THE DATA =>
+++

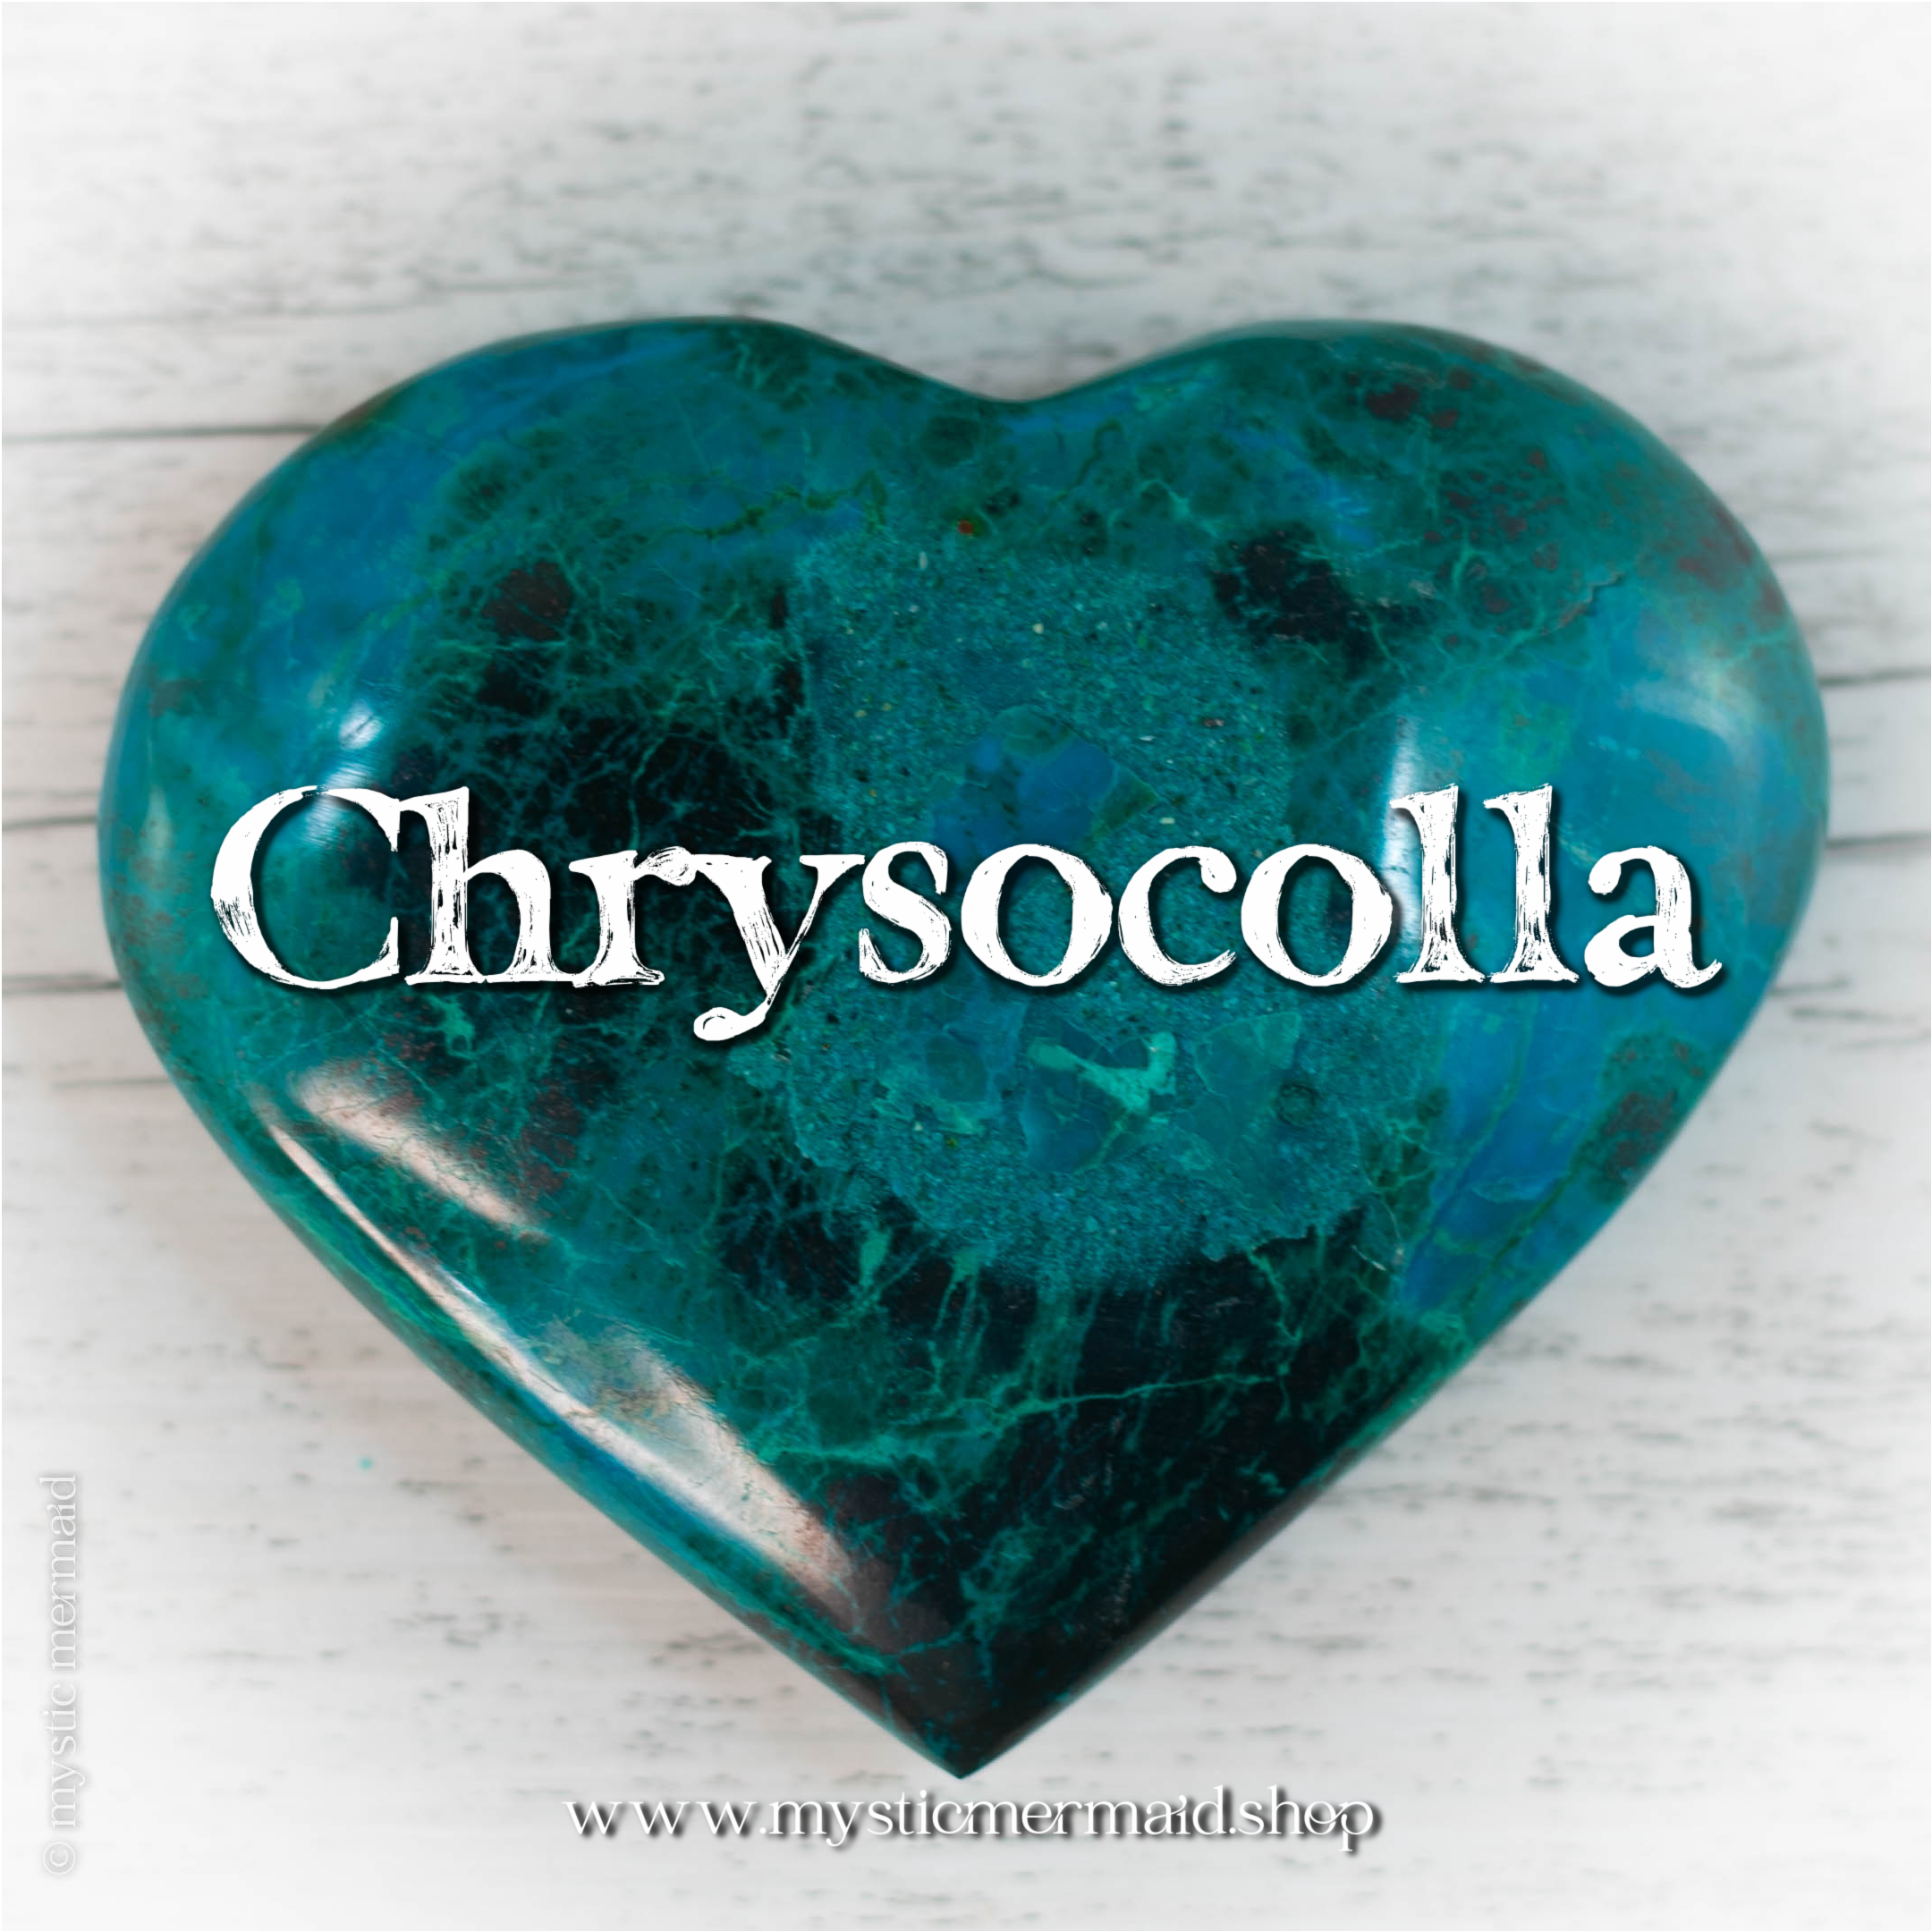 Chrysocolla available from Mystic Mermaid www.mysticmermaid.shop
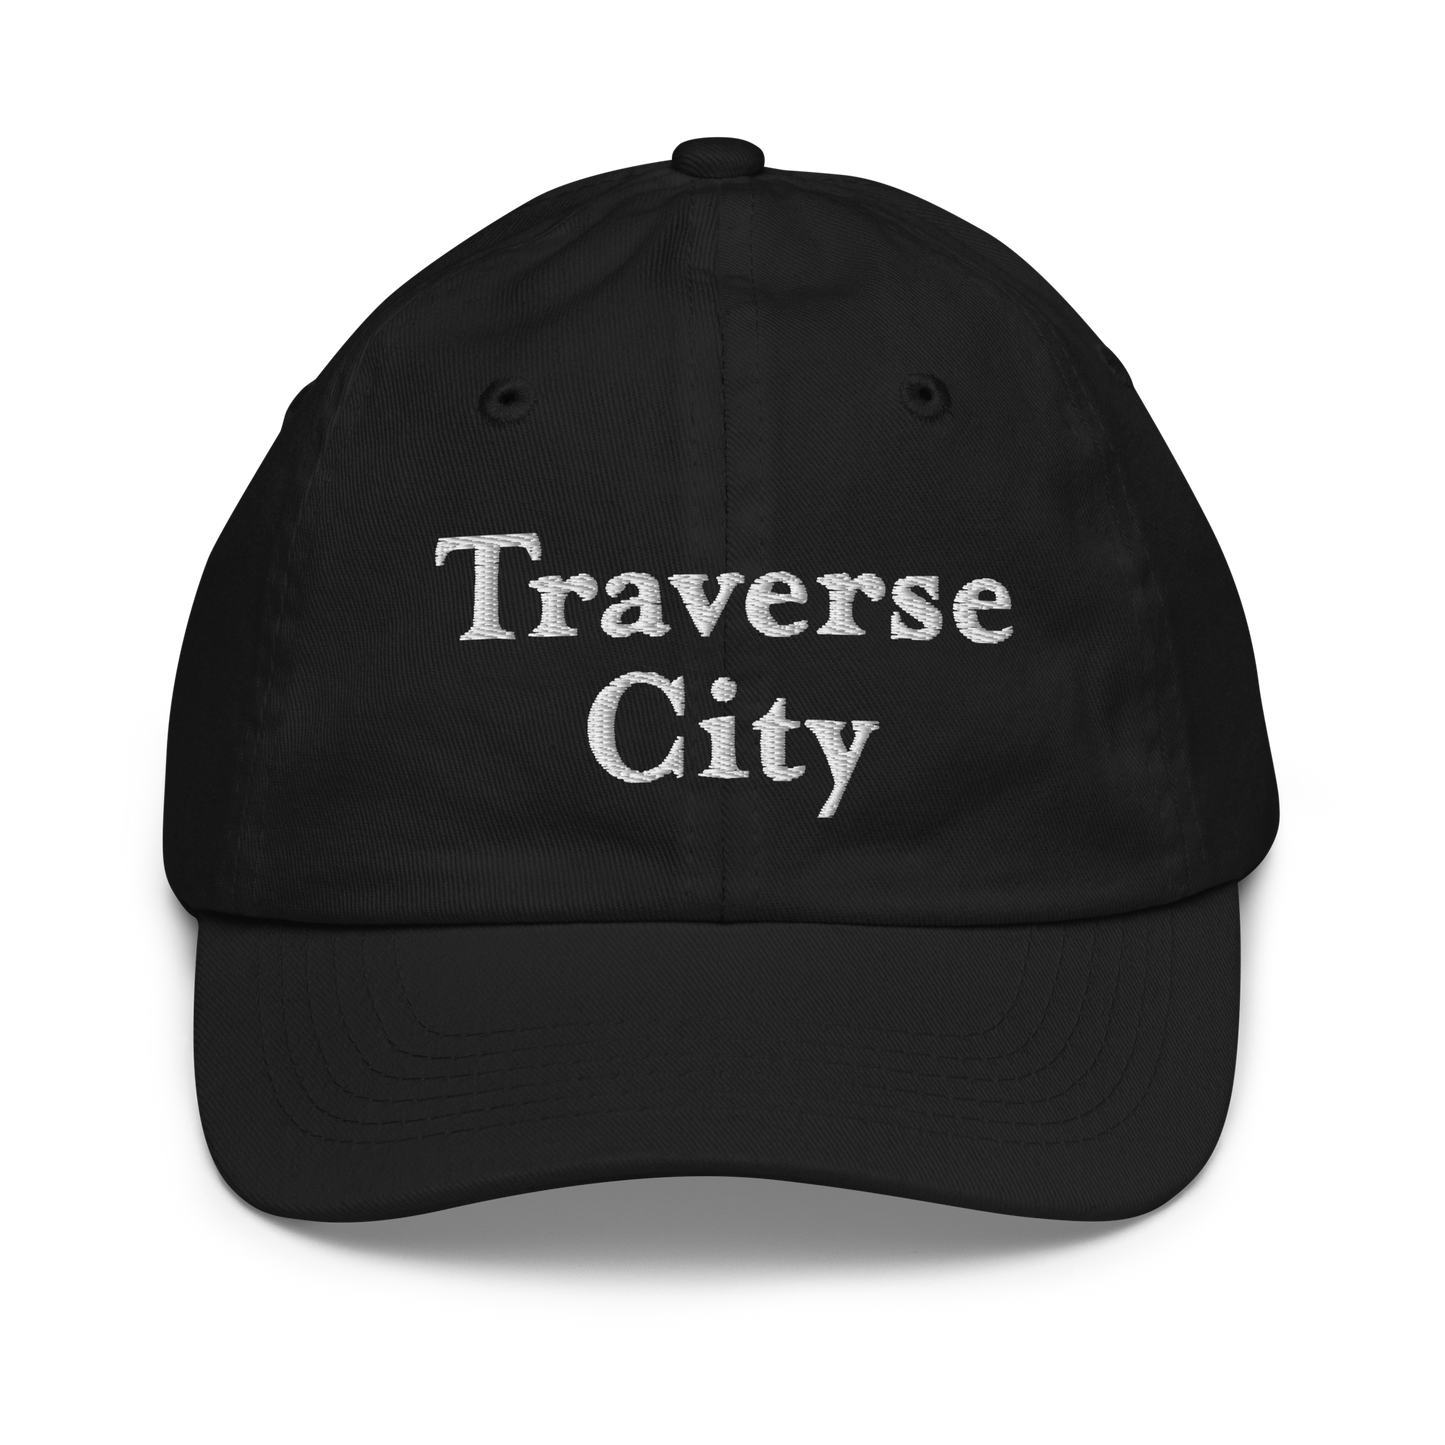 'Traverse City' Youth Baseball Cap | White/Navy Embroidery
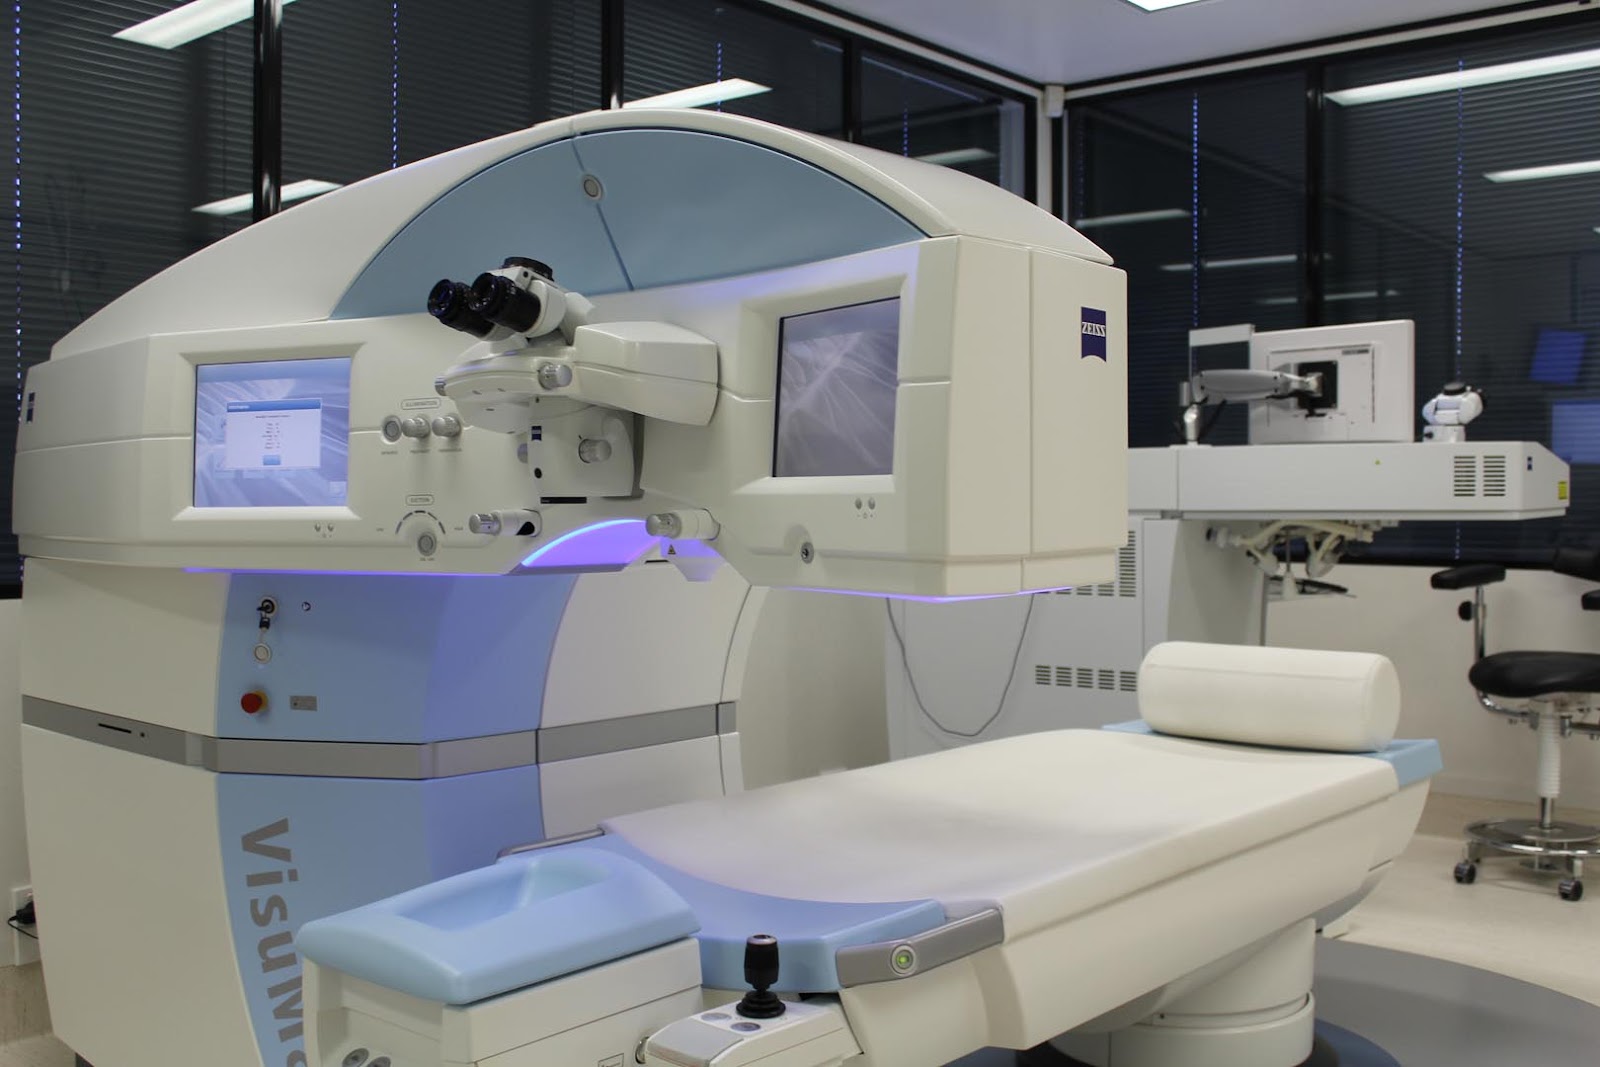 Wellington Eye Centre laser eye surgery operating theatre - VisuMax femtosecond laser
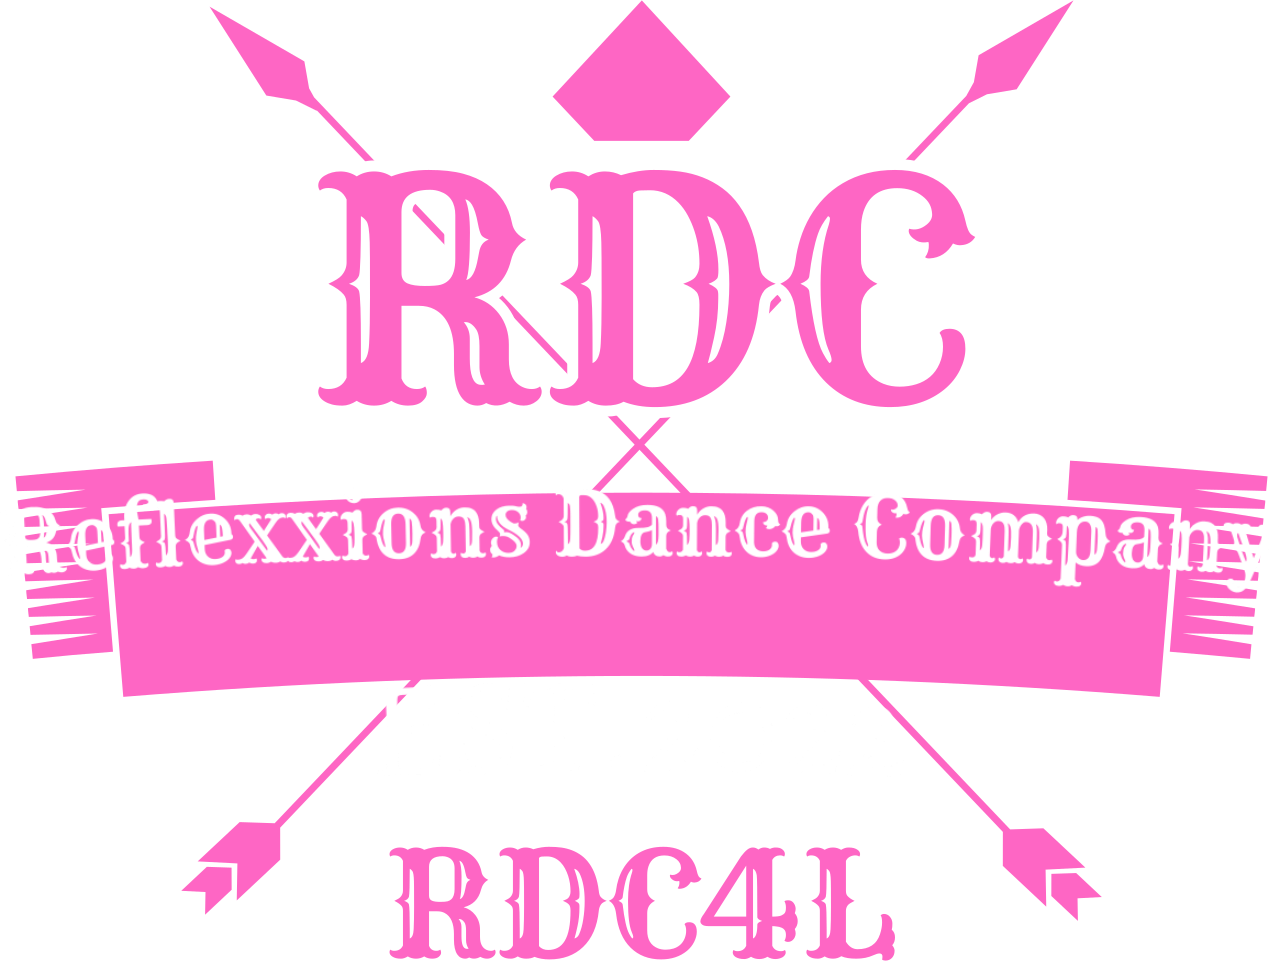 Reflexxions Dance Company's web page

+++

Write out the data word for word, with every picture dropped.

 Chrysocolla available from Mystic Mermaid www.mysticmermaid.shop
 'Traverse City' Youth Baseball Cap | White/Navy Embroidery
 Wellington Eye Centre laser eye surgery operating theatre - VisuMax femtosecond laser
 Reflexxions Dance Company's web page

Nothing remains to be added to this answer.